Hacker News new | ask | show | jobs
Communication Logs: Handling 250M SMS messages a day (infobip.com)
27 points by Parseco 3844 days ago
4 comments

They mention using Neo4j instead of a relational database. Recently I needed to implement a friendship data model, and started off using Neo4j because it seemed like the best tool for the task, but ended up using essentially the following model in Postgres:

    CREATE TABLE friendship (
     person1 INT NOT NULL,
     person2 INT NOT NULL,
     PRIMARY KEY (person1, person2),
     CHECK (person1 < person2)
    );
    CREATE INDEX friendship_person2 ON friendship(person2);


    CREATE VIEW friendship_view AS
    SELECT person1 AS person, person2 AS friend 
    FROM friendship
    UNION
    SELECT person2 AS person, person1 AS friend FORM friendship;
taken from here: http://www.postgresql.org/message-id/20141111201127.d80b6bc4...

What do you folks think? It seems like this would be the densest way to store the relationship, using the checked constraint trick with the IDs so you don't need duplicate records to store Alice and Bob's friendship as {A -> B, B -> A} if the friendship is inherently bidirectional (vs a followed/follower model), and doesn't preclude one from storing the data in another isomorphic structure that might be optimized for specific queries. I'm sure it's possible to replicate this with Neo4j, but it felt cumbersome programming that in Java versus expressing that in SQL. But I'd really like to use Neo4j in an OLTP environment, but still haven't had enough of an impetus yet because WITH RECURSIVE in postgres works well if the recursion depth is capped.

Your `friendship` table is a simple adjacency list representation for an undirected graph. As you point out, the main trouble in using a relational database for a true graph model is to process graph traversals, which you can do with nested inner queries, joins, or Postgres' WITH RECURSIVE. A graph database, for that reason, is usually optimized as a very efficient sequential JOIN machine, where you can imagine successive JOINS as connecting the endpoints of edges along a graph path.

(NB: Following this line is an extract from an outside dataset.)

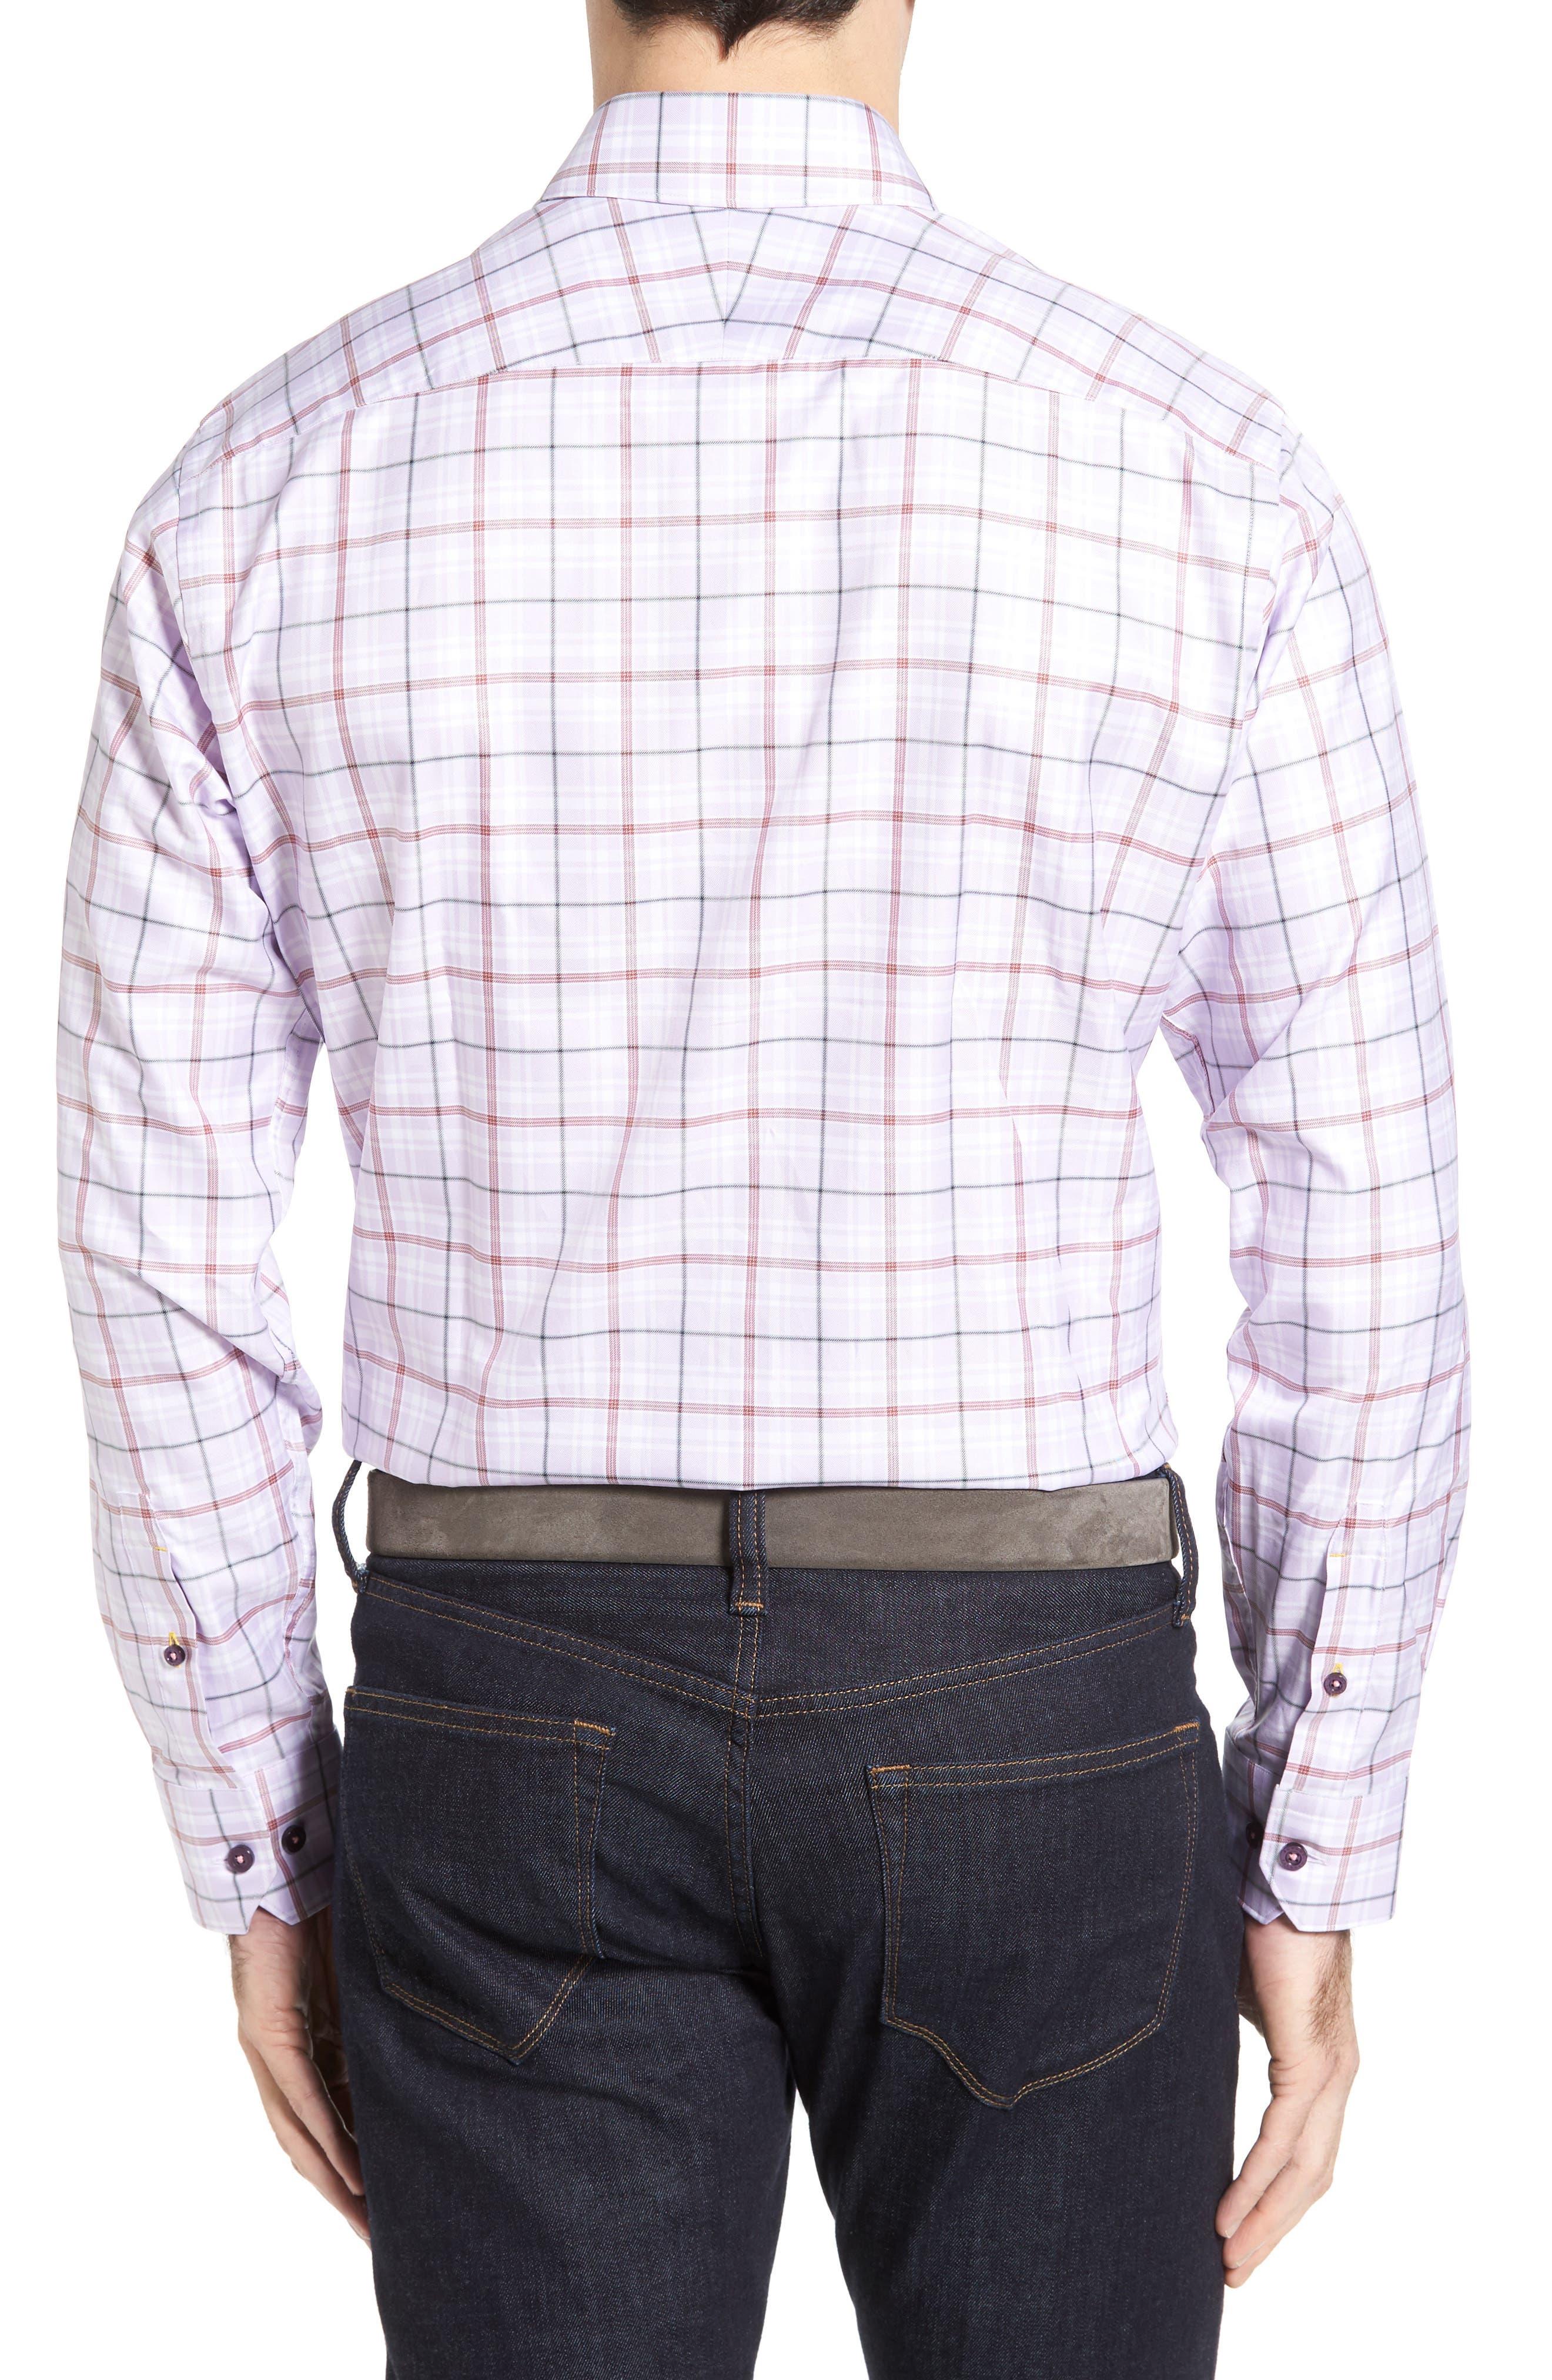 Crespi IV Tailored Fit Sport Shirt,                             Alternate thumbnail 2, color,                             Lavender

By the way, if you're interested in graph representations for efficient querying, check out TripleStores [1], and the Wiki list on subject-predicate-object databases [2].

[1] https://en.wikipedia.org/wiki/Triplestore [2] https://en.wikipedia.org/wiki/List_of_subject-predicate-obje...

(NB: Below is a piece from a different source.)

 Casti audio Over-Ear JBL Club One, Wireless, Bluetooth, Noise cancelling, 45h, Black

Thanks! I was just reading the neo4j source and noticed the bitmap indexes which apparently have several advantages to B-tree indexes for indexing graphs:

https://github.com/neo4j/neo4j/tree/3.0/community/lucene-ind...

ps:

http://stackoverflow.com/questions/9541541/b-tree-vs-bitmap-...

https://en.wikipedia.org/wiki/Bitmap_index

Thanks for showing me triplestores! Good to know that it's better to use a database engine optimized for triples for graphs vs rolling your own in SQL.

Worst-case, you'd have to process input at a sustained rate of (140×250×1000000)/(24×3600) = 405093 B/s.

I certainly hope your system can manage 400kBps throughput.

You're assuming a constant arrival rate and zero overhead. Both of which are definitely not accurate.

As a wild guess, you're off by 1000x. You may say 400MBps is still not too crazy, but it's beyond the real capacity of many systems out there.

Of course those aren't sane assumptions, but if the peak rate were the significant information, why would they title the article with the per-day rate? It smells like someone decided "250 million is a large enough number to scare people". Fuck that.

Even if peak "instantaneous" flow is 400MBps, considering that SMS already has seconds to minutes of latency, a bit of buffering shouldn't be a big deal.

They start the article by saying they make six (not necessarily serial) network roundtrips for each message which indicates that something is horribly wrong with the design of their system. Their code needs to bill each SMS to the sender, send the SMS to the telco, and log successes and failures in a way that's searchable later. The rest of the article describes their terribly overwrought approach to these tasks. With so much enterprise software and so little actual discussion of the problem domain, there's no way they're butting up against anything interesting enough to merit a HN submission.

isn't this the minmax of the peak rate?
What's Infobip pricing for numbers and SMS in US?
Nice work, but to be fair 250M msgs per day is not at all impressive.